▸ TASK:
Copy exactly. Include the line containing "Giovanna Schembari", every line after it, and the last line below, but no pictures.

*** Opening ENTRIES PROVIDED ***

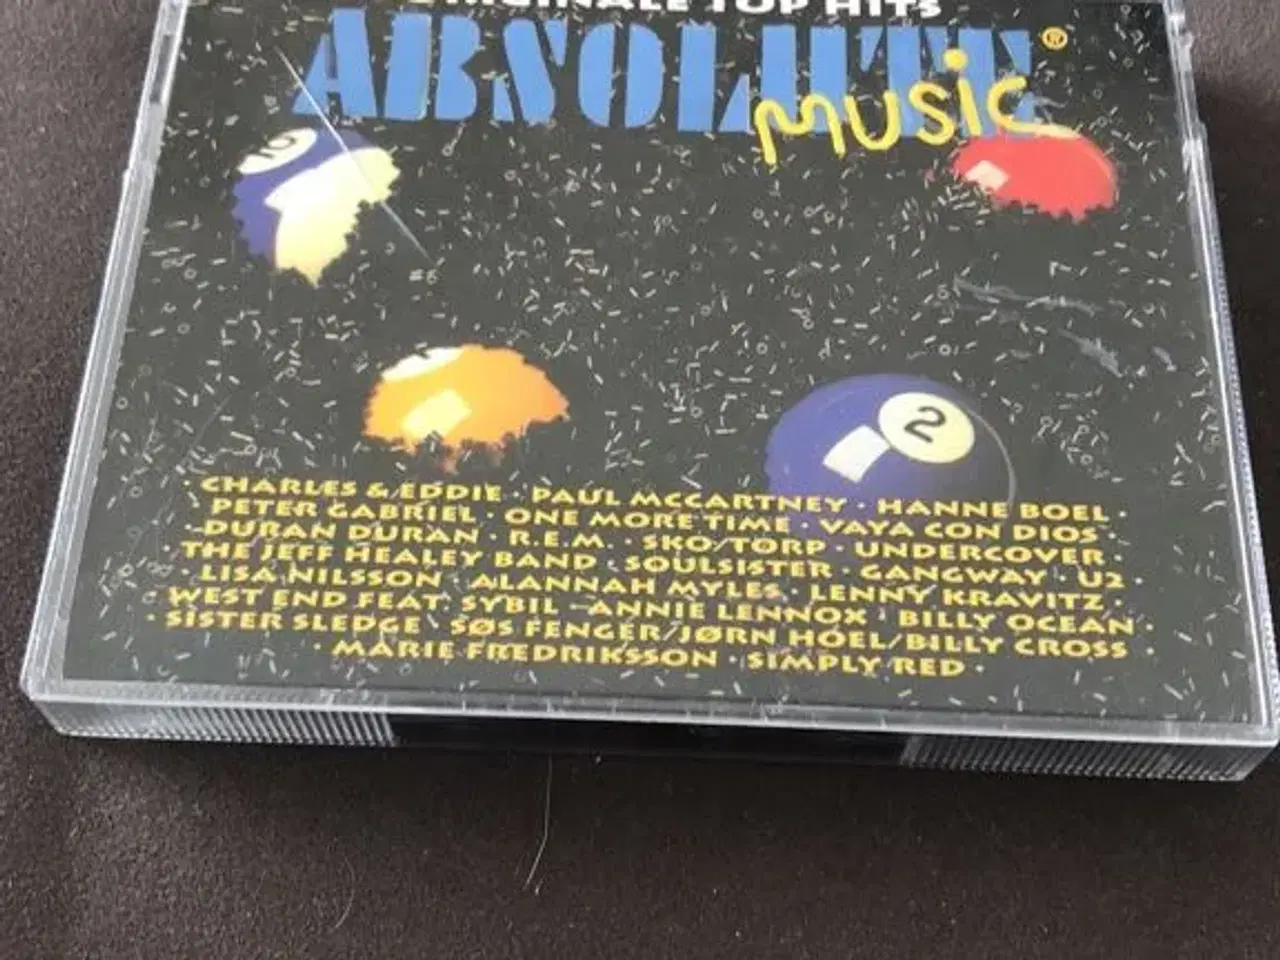 Billede 2 - Absolute Music 2 -  CD og kassettebånd
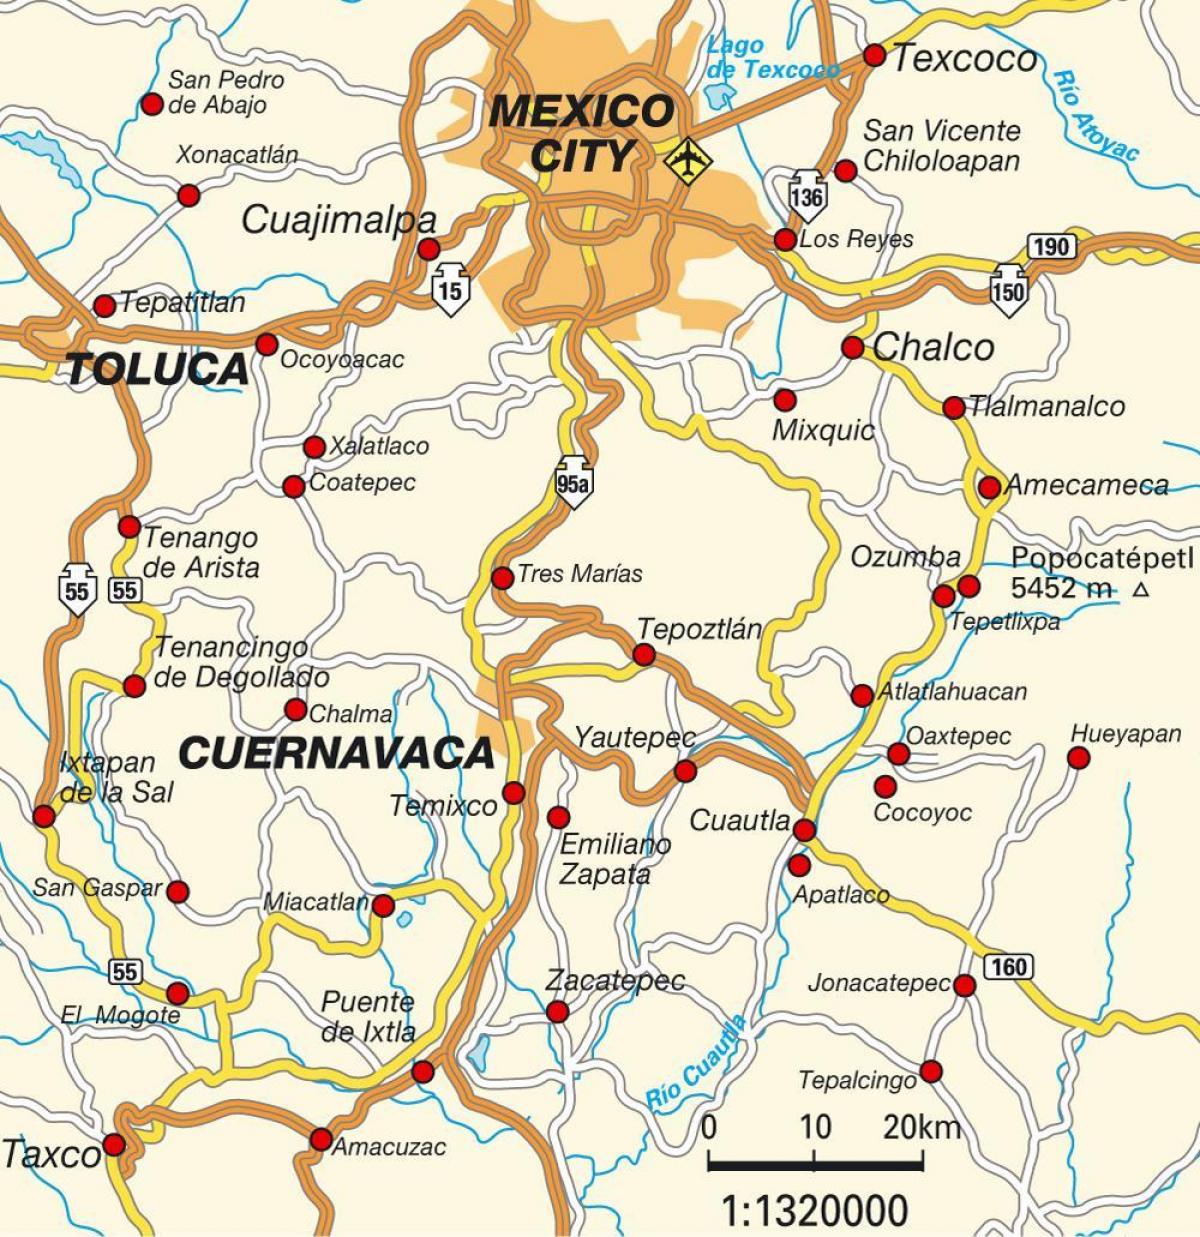 મેક્સિકો સિટી ડીએફ નકશો
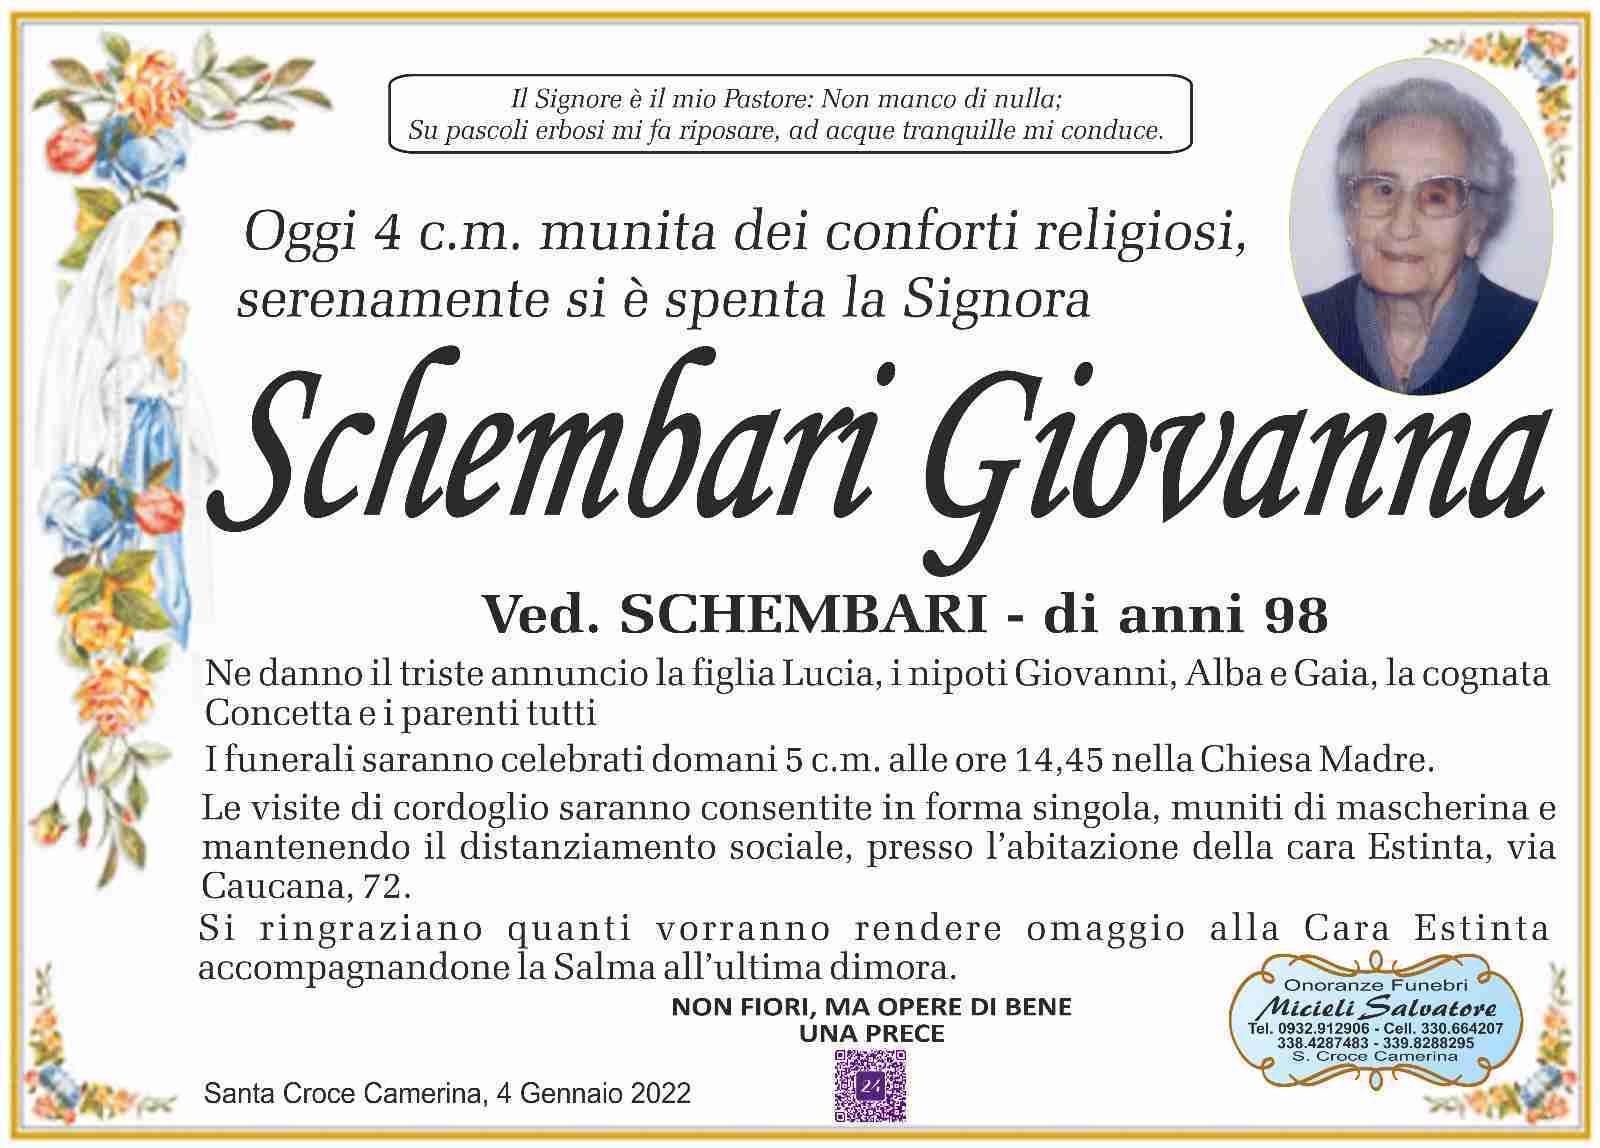 Giovanna Schembari
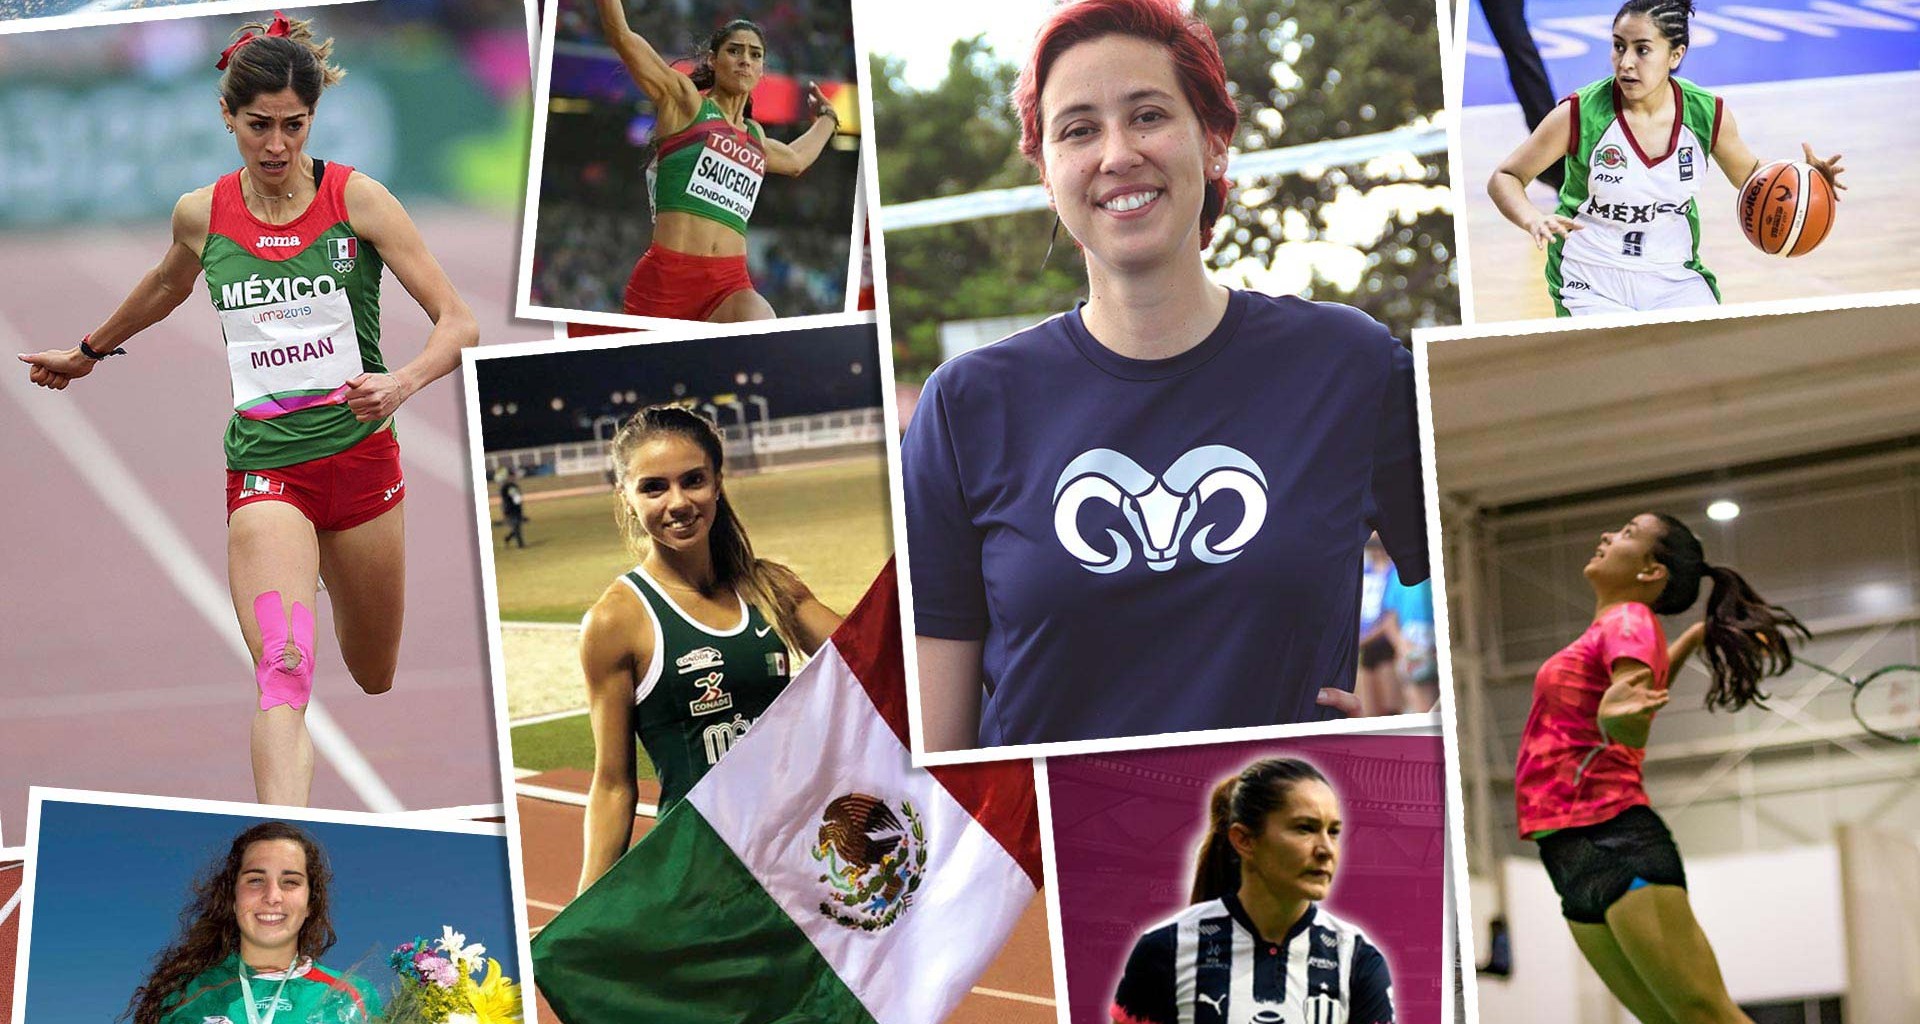 Voleibol, atletismo y bádminton son algunas de las disciplinas en las que mujeres han destacado en representativos de Borregos.
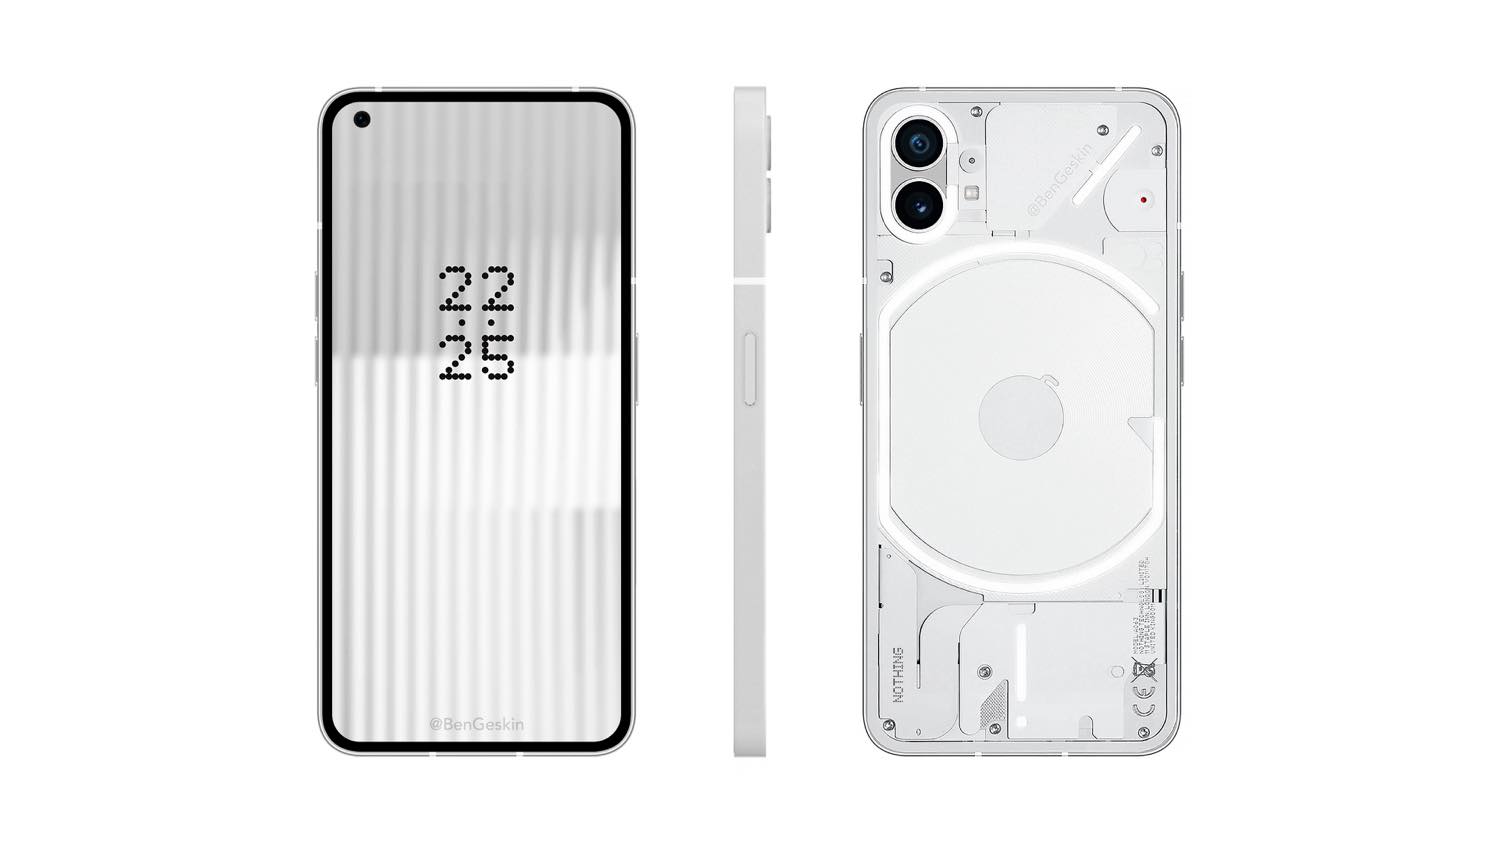 ｢Nothing Phone (1)｣、｢Nothing OS 1.5 (Android 13)｣ではカメラのオートフォーカスの動作がよりスムーズになる模様

*** Closing ENTRIES PROVIDED ***

▸ THE ANSWER:
 Giovanna Schembari
 Voleibol, atletismo y bádminton son algunas de las disciplinas en las que mujeres han destacado en representativos de Borregos.
 ｢Nothing Phone (1)｣、｢Nothing OS 1.5 (Android 13)｣ではカメラのオートフォーカスの動作がよりスムーズになる模様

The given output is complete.